Previously the council had spoken of naming Mayor Cinque, however the letter does not name any specific person.

• The council agreed to discuss a grant to fund an economic study that would be commissioned by Friends of Old 7 at its Jan. 8, 2013 meeting.

• Capt. Chad Scibilia of the Monroe County Sheriff’s Office reported on a rash of burglaries in mid-November including some of occupied residences. He told commissioners that the alleged burglar was in custody and property ready to return before some of the victims woke up and realized what had happened.

• The council agreed to changes to a request to utilize Marathon Community Park to stage a music festival in mid-January. Instead of having a nonprofit group get a permit to sell beer and wine, it has hired a local vendor to do so. Conch Records will pay $1,500 per day for use of the park.

“As long as it stays with beer and wine, I don’t see an issue with the commercial use. More power to you. I hope you make money,” Snead told applicant Cliff Rydell.

• The council accepted a bid of $162,734 to install landscaping in the median of U.S.1. The contract went to Tropic Landscaping and Lawn Maintenance of Homestead.
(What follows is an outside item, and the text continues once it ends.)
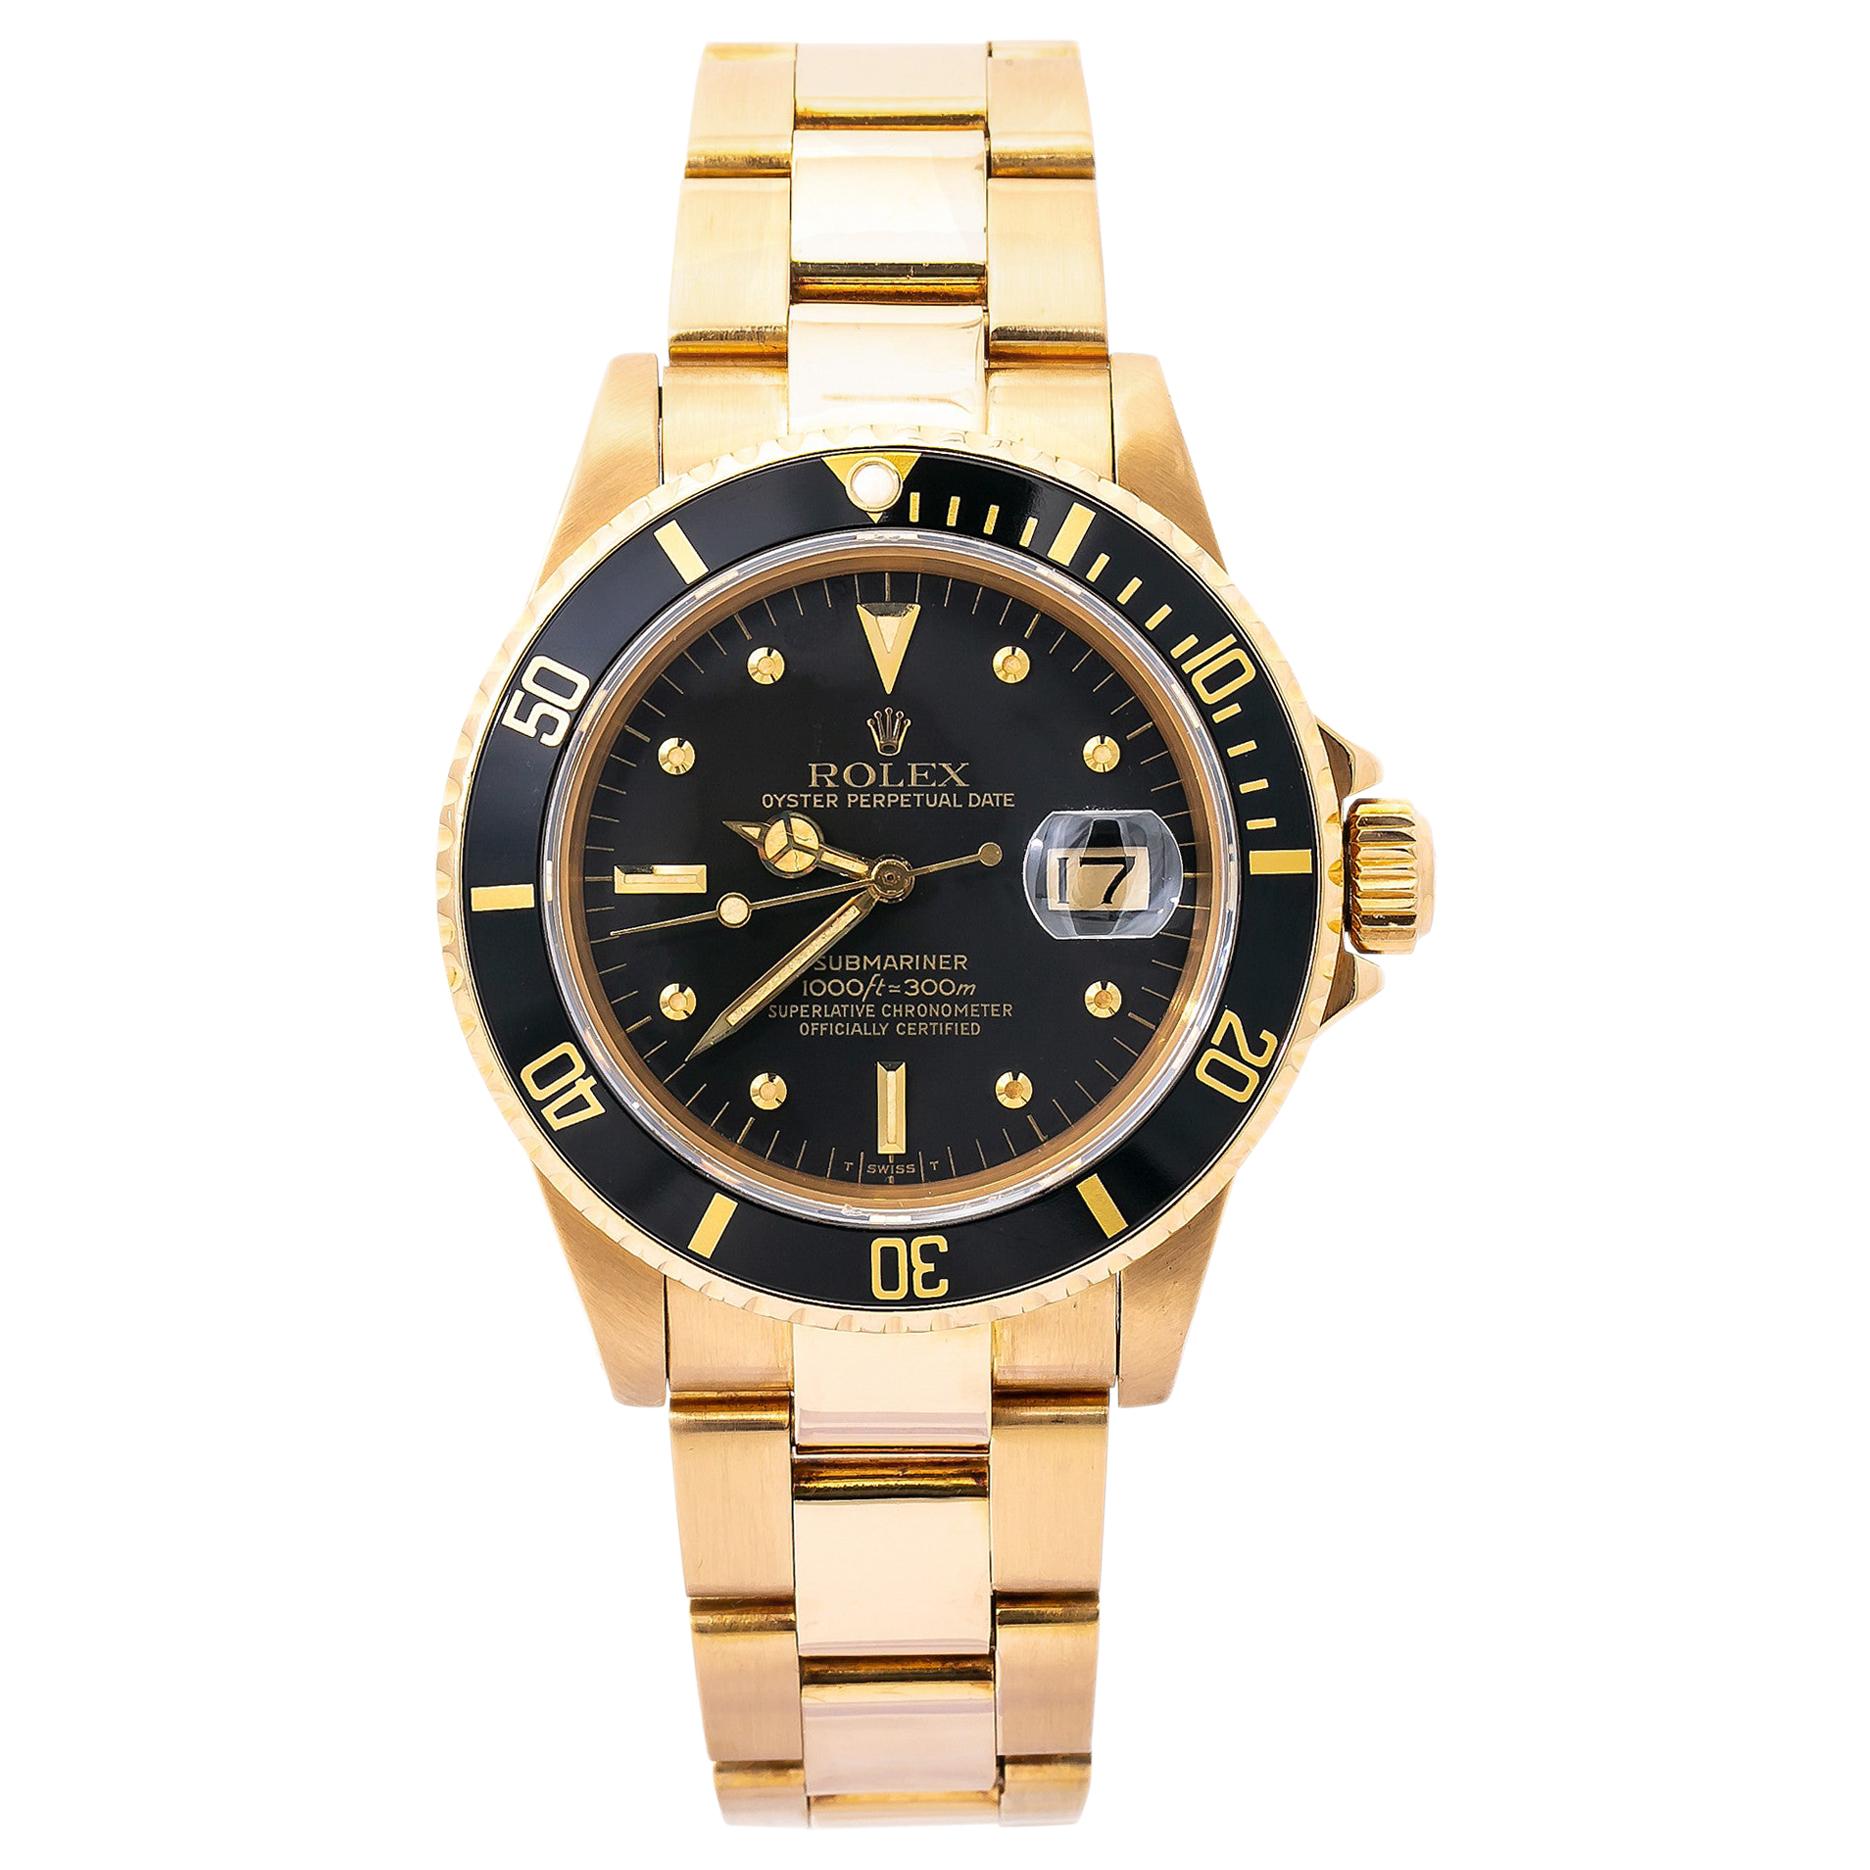 Rolex Submariner 16808, Black Dial, Certified and Warranty

Staff noted that there were no local applicants and that the $20,000 over budget price reflected incomplete data in the planning stages.

“We can’t keep telling landowners in Marathon to improve landscaping and not hold up our end of the bargain,” said Cinque.

• The city council accepted a land dedication from Charles Zapotocky. The lot fronts the “Lake Edna” quarry pit on Grassy Key.

• The city sent the state a survey specifically outlining the 98th Street City Hall parcel into two separate lots. Originally, the land was acquired with a state grant to be developed as a park. Currently the “back” two-thirds is devoted to parks and recreation use and the “front” one-third for city administration.